INFORMATION SHOWN:

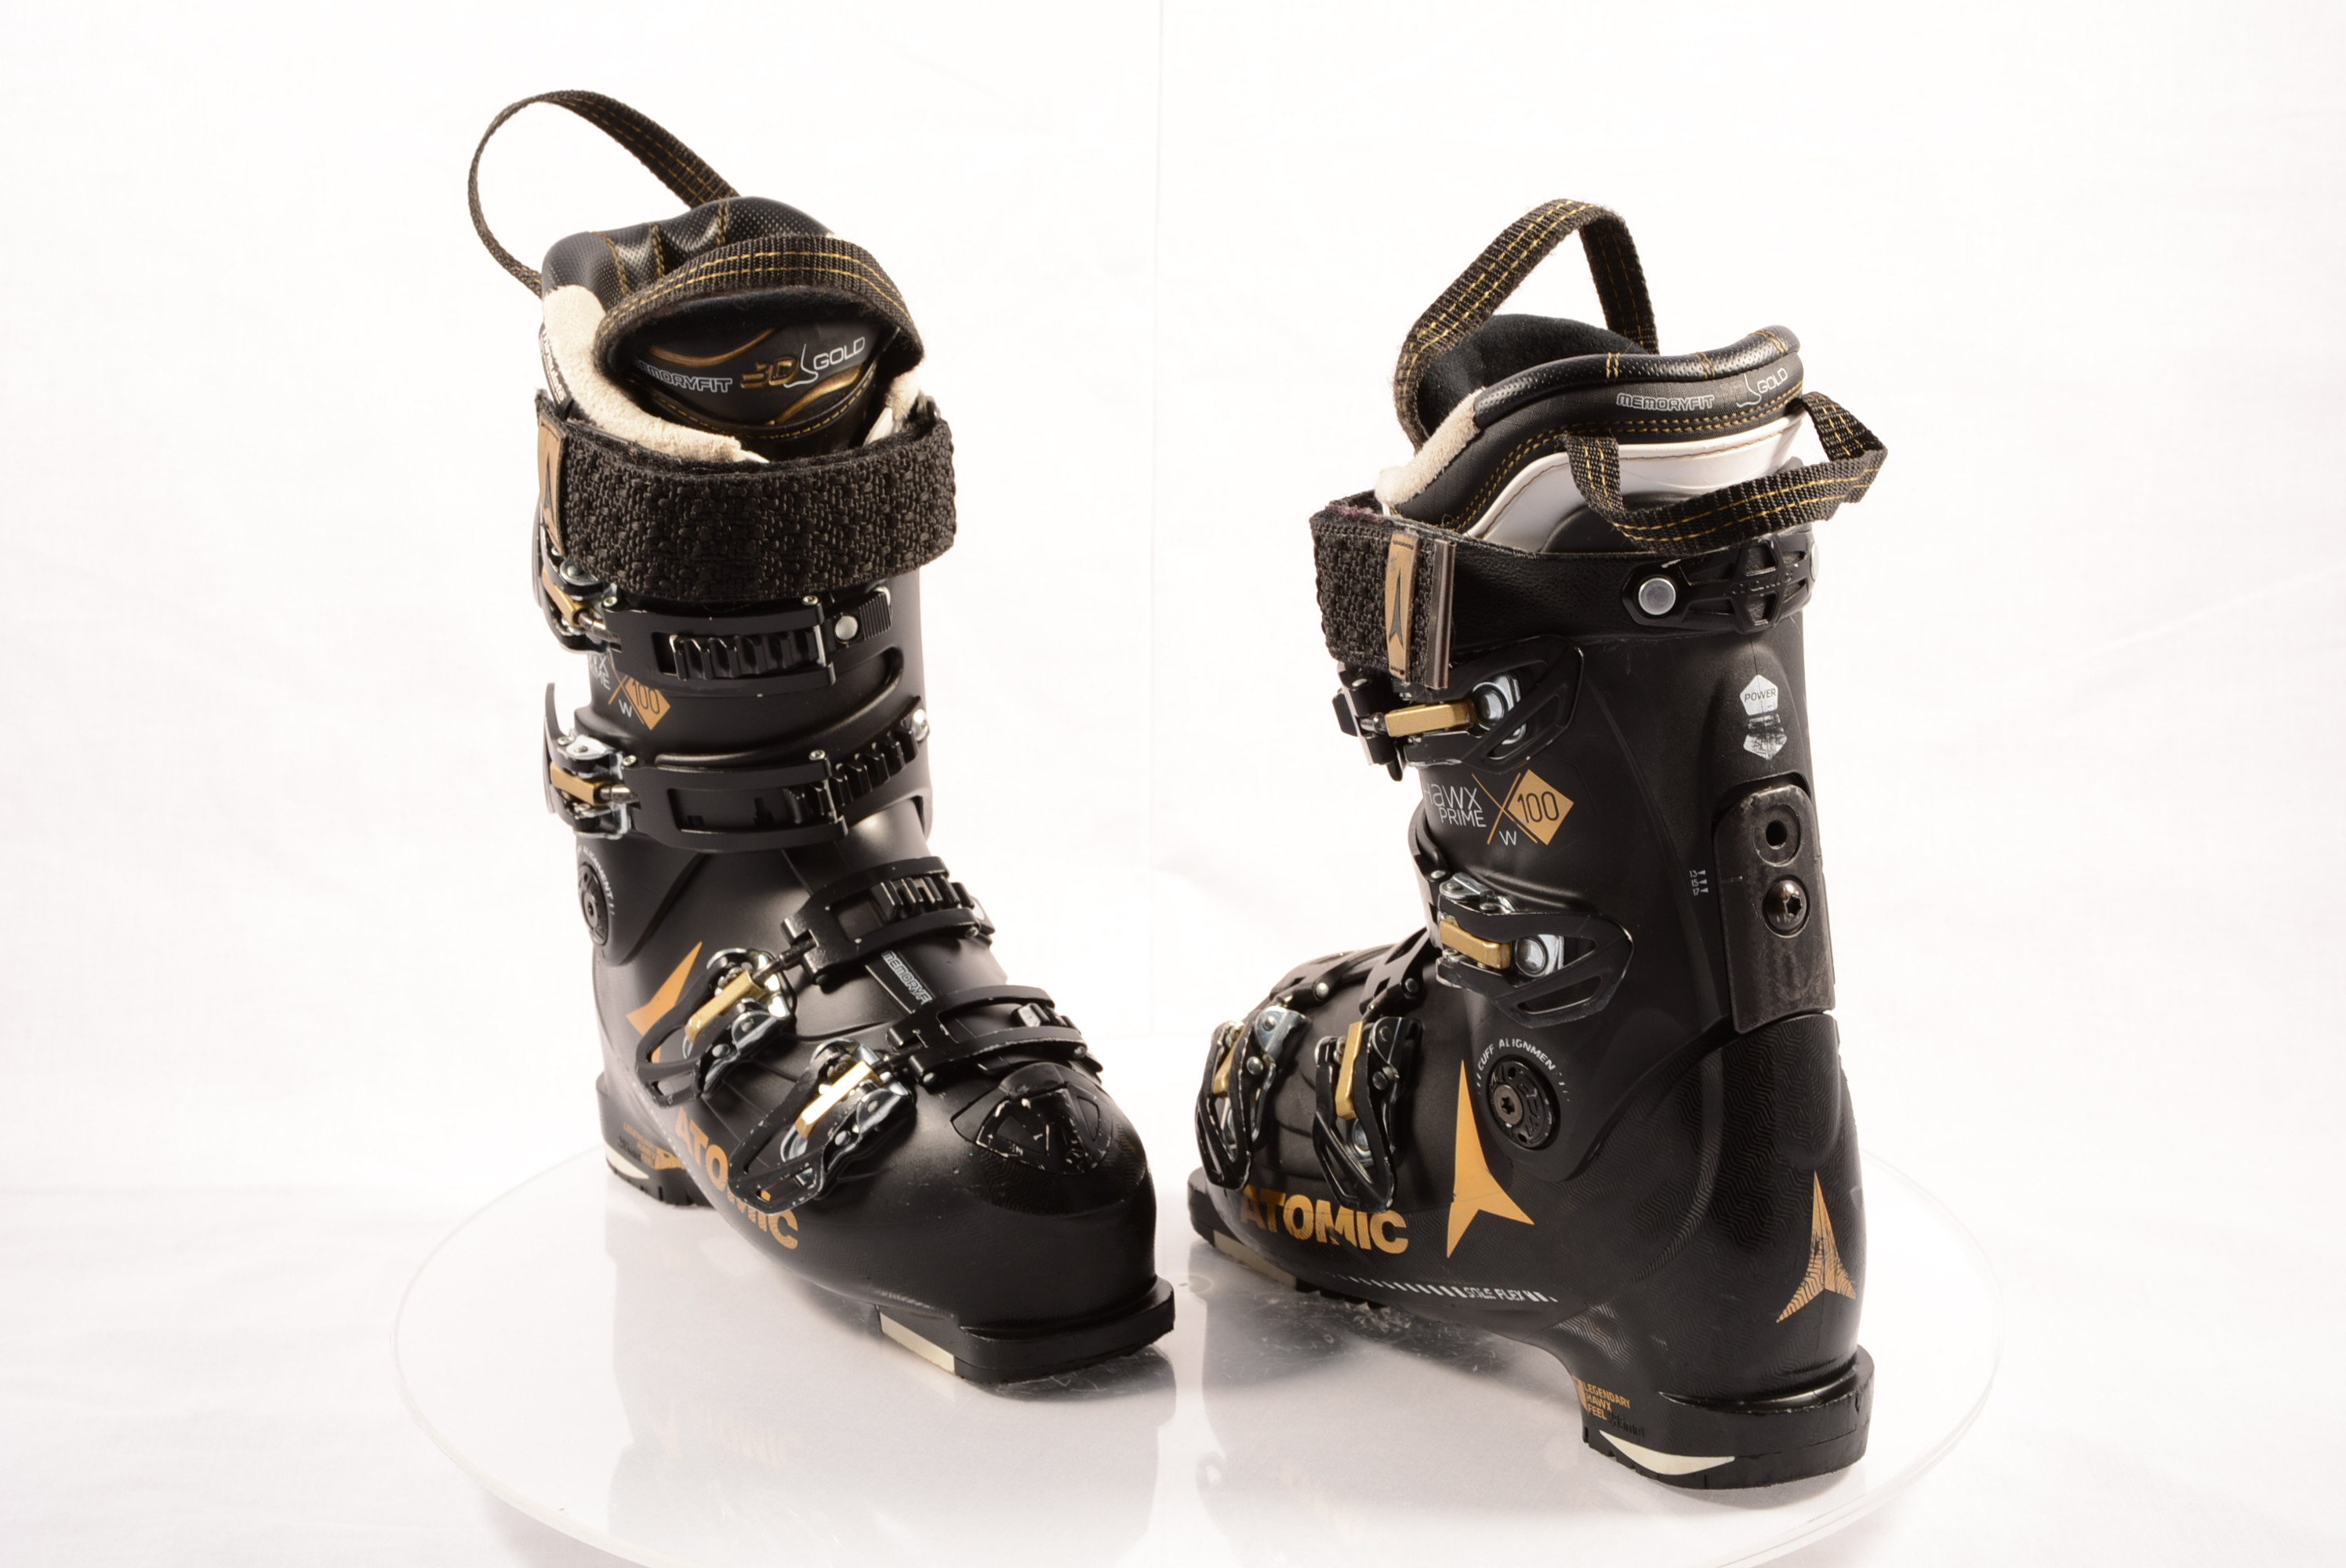 women's boots ATOMIC HAWX PRIME 100 MEMORY FIT, 3D GOLD, SOLE FLEX, canting ( TOP condition ) - Mardosport.com
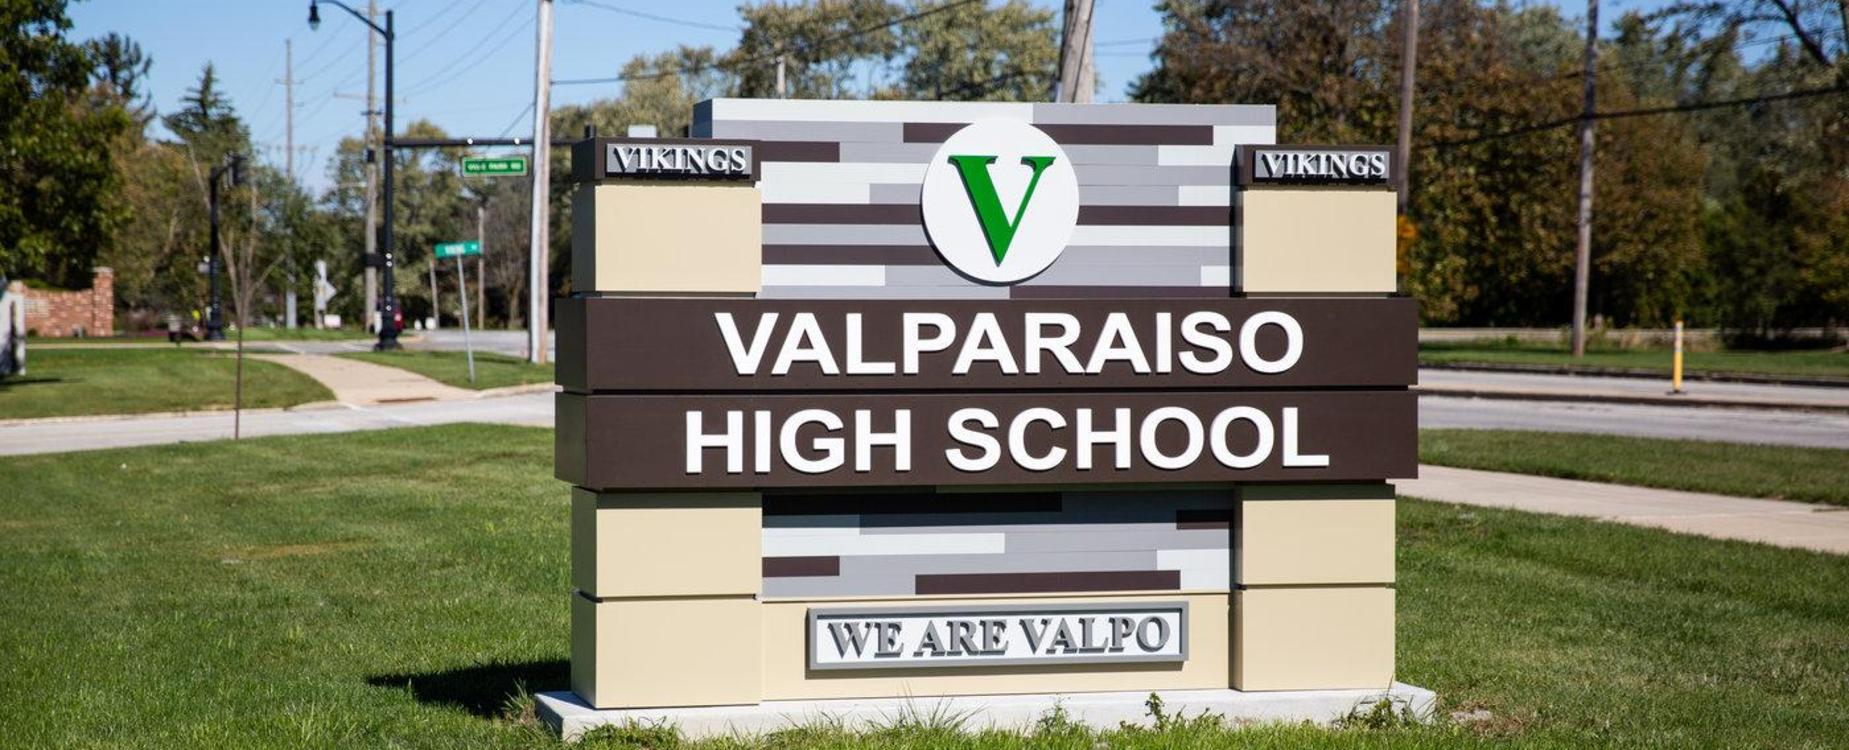 washington township high school valparaiso in
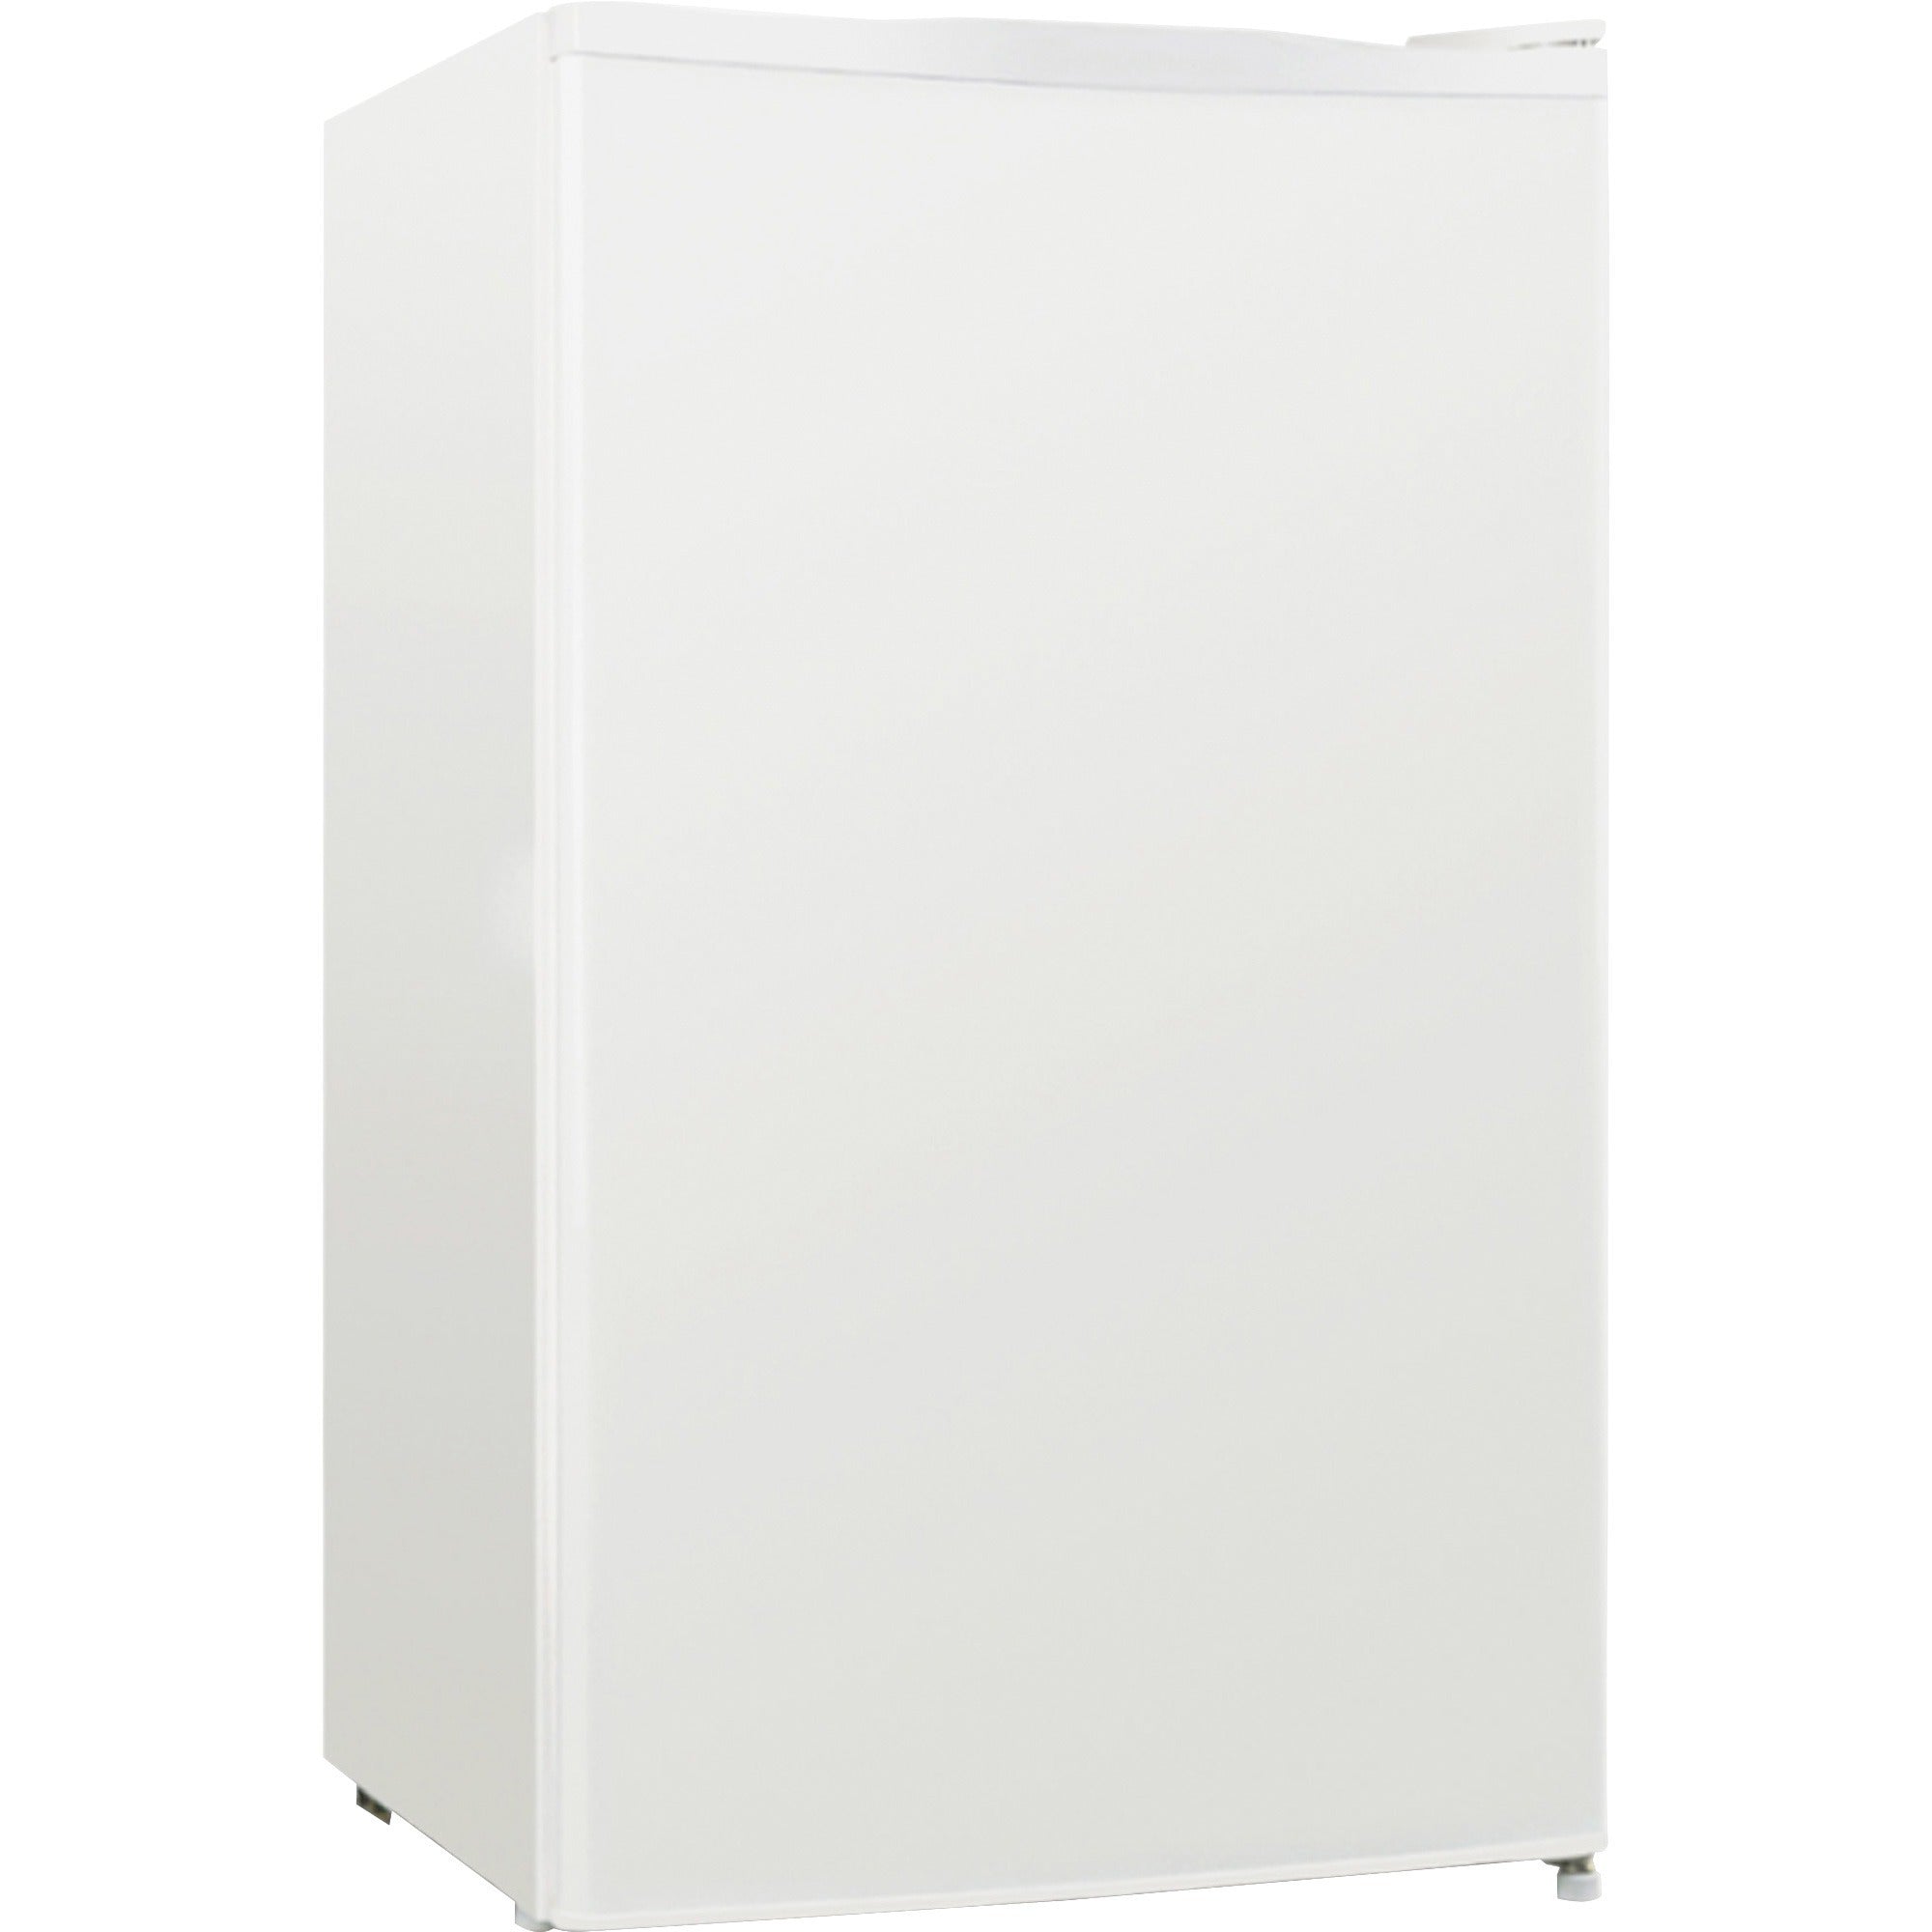 Lorell Compact Refrigerator - 3.20 ft - Manual Defrost - Manual Defrost - Reversible - 3.20 ft Net Refrigerator Capacity - Black, Light Blue, White - Steel, Fiberglass, Plastic -

EXERCISE REQUIREMENTS:
Omit the pictures and write out the remaining data exactly.

YOUR RESPONSE:
 women's boots ATOMIC HAWX PRIME 100 MEMORY FIT, 3D GOLD, SOLE FLEX, canting ( TOP condition ) - Mardosport.com
 washington township high school valparaiso in
 Lorell Compact Refrigerator - 3.20 ft - Manual Defrost - Manual Defrost - Reversible - 3.20 ft Net Refrigerator Capacity - Black, Light Blue, White - Steel, Fiberglass, Plastic -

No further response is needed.